It is plausible that a delayed bedtime and wake up time may be related to social and environmental factors that place individuals at a greater risk of being overweight or obese by reducing opportunities for physical activity and/or increasing opportunities to consume more energy. In a nationally representative survey of Australian children and adolescents, a late bedtime was associated with higher screen time and lower moderate-to-vigorous physical activity, independent of sleep duration.25 Although similar findings do not appear to have been examined in relation to dietary habits for children, Baron et al.28 found that adults who went to bed later consumed more energy, fast foods and soda and had lower fruit and vegetable consumption compared with ‘normal’ sleepers. Although this finding was not independent of sleep duration, the authors acknowledged that this may be since the sample’s sleep timing was associated with sleep duration, making it difficult to determine the independent effects.

Given this evidence, it is plausible that sleep timing behaviour may be associated with food habits in children and adolescents. Therefore, the purpose of this study was to determine whether sleep timing behaviour is associated with diet quality, energy intake, weight-related food intake and adiposity in Australian 9- to 16-year olds.

Materials and methods

The sample were participants of the 2007 Australian National Children’s Nutrition and Physical Activity Survey aged 9–16 years with 2 days of food intake data, 4 days of use of time data and complete demographics and anthropometry (n=2200/2382, 92% of the eligible survey sample).29 The survey methodology has been described in detail elsewhere.29 Briefly, the survey was based on non-proportional stratified sampling of Australian households. The primary sampling unit was randomly selected clusters of postcodes stratified for state/territory and locality (metropolitan and rest of state (that is, rural)). Households were sampled using random digit dialling with quota sampling to ensure representation of age and gender groups within the sample. Only one child was surveyed from each household. The response rate (ratio of households providing complete data to eligible households contacted) was 41%. Compared with 2006 census data, the survey sample had fewer parents and children born overseas, fewer households in the highest income bracket, fewer tertiary-educated parents and more single-parent families.29 Data collection was conducted 7 days a week between February and August 2007 and involved a home visit and a telephone interview.

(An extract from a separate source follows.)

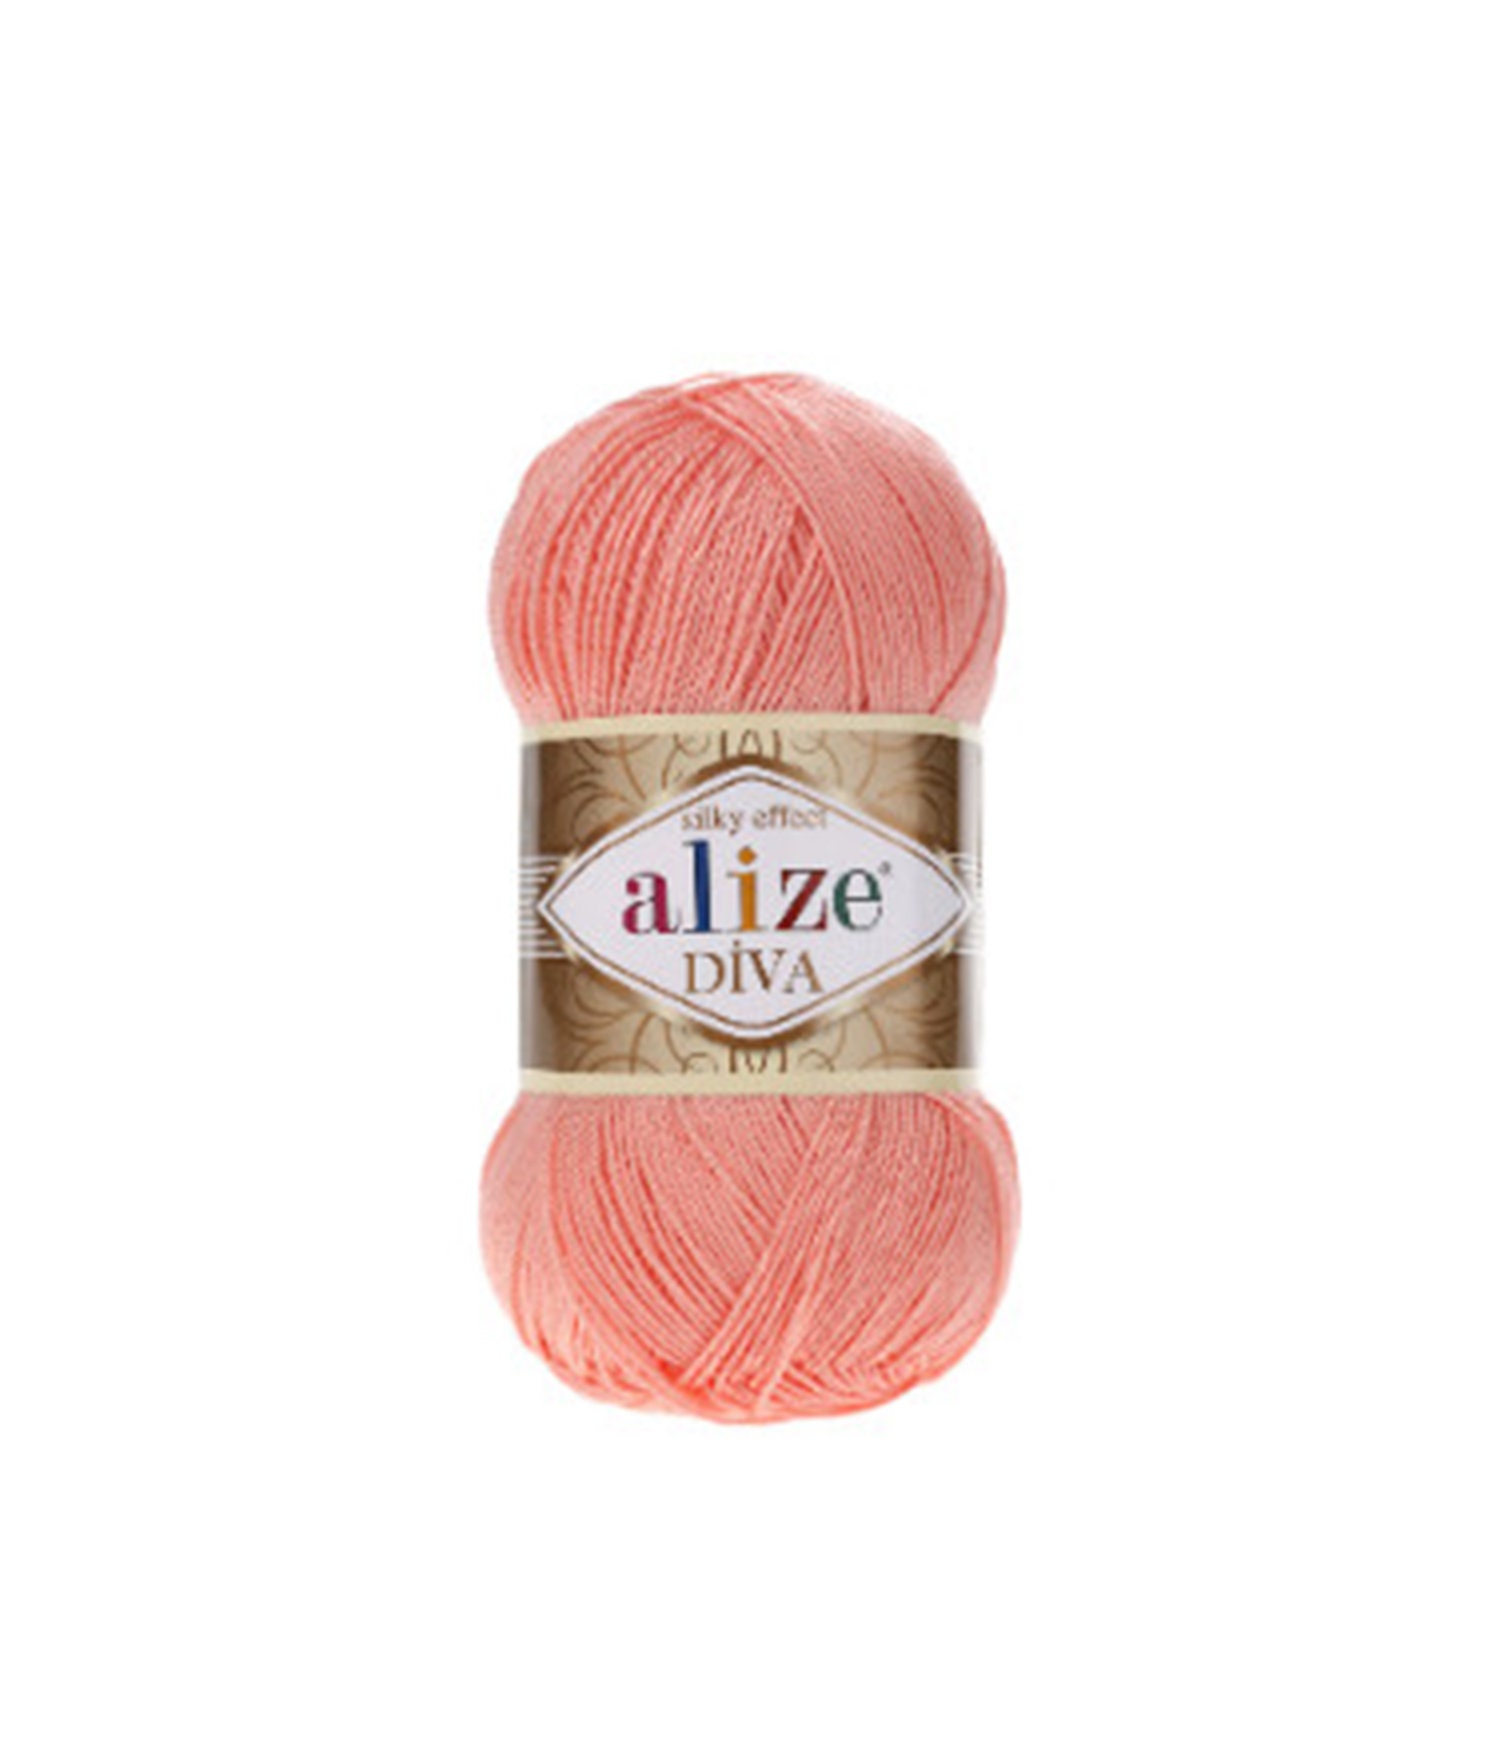 Alize Acrylic 382 Grams Crochet | Etsy

Ethics approval for the survey was provided by National Health and Medical Research Council registered ethics committees of the Commonwealth Scientific and Industrial Research Organisation and the University of South Australia.

Use of time data collection

Use of time data were collected using the Multimedia Activity Recall for Children and Adults (MARCA).30 The software allowed young people to recall everything they did on the previous day from wake up to bedtime, in time slices as fine as 5 min, using a segmented day format. Young people chose from a list of 250 activities grouped under seven rubrics (inactivity, transport, sport and play, school, self-care, chores and other). Spearman’s rho between MARCA-estimated physical activity level (PAL) and total accelerometry counts per min was 0.45 (in a separate sample)30 and between PAL and pedometer steps was 0.54 (in this sample).31 Self-reported estimates of bedtime, wake time and sleep duration are reliable and valid. In the present sample, test–retest reliabilities for wake time are r=0.94, and for bedtime were r=0.99. Previous studies have found good agreement between self-reported sleep timing and objective measure such as actigraphy. The MARCA was administered on two occasions. Each time, young people recalled their activities over the 2 previous days (that is, a total of 4 days were sampled). Wherever possible, at least 1 school day and 1 non-school day (that is, weekends, holidays or student-free days) were sampled.

Food intake

Food intake was assessed via two 24-h food recalls conducted by 90 trained interviewers (36% with a tertiary degree in dietetics or nutrition) and checked by dietitians. The first recall was conducted with the young people face-to-face in the home, with the second recall conducted within 7–21 days later by telephone. A three-pass protocol was used to collect information on all foods and beverages consumed the previous day.32 To assist with portion size estimation a food model booklet was provided, with picture guides of common household measures and life size images, plates, bowls, glasses and amorphous dishes. At the group level, all days of the week were represented (75% weekdays, 25% weekend days). A nutrient composition database developed specifically for the survey33 was used to derive energy intake and food groupings. Foods were categorised into 22 major food groups based on the primary food or ingredient of a food product or dish. Dietary data analysed reflected the mean food, beverage and energy intake of the 2 recalled days.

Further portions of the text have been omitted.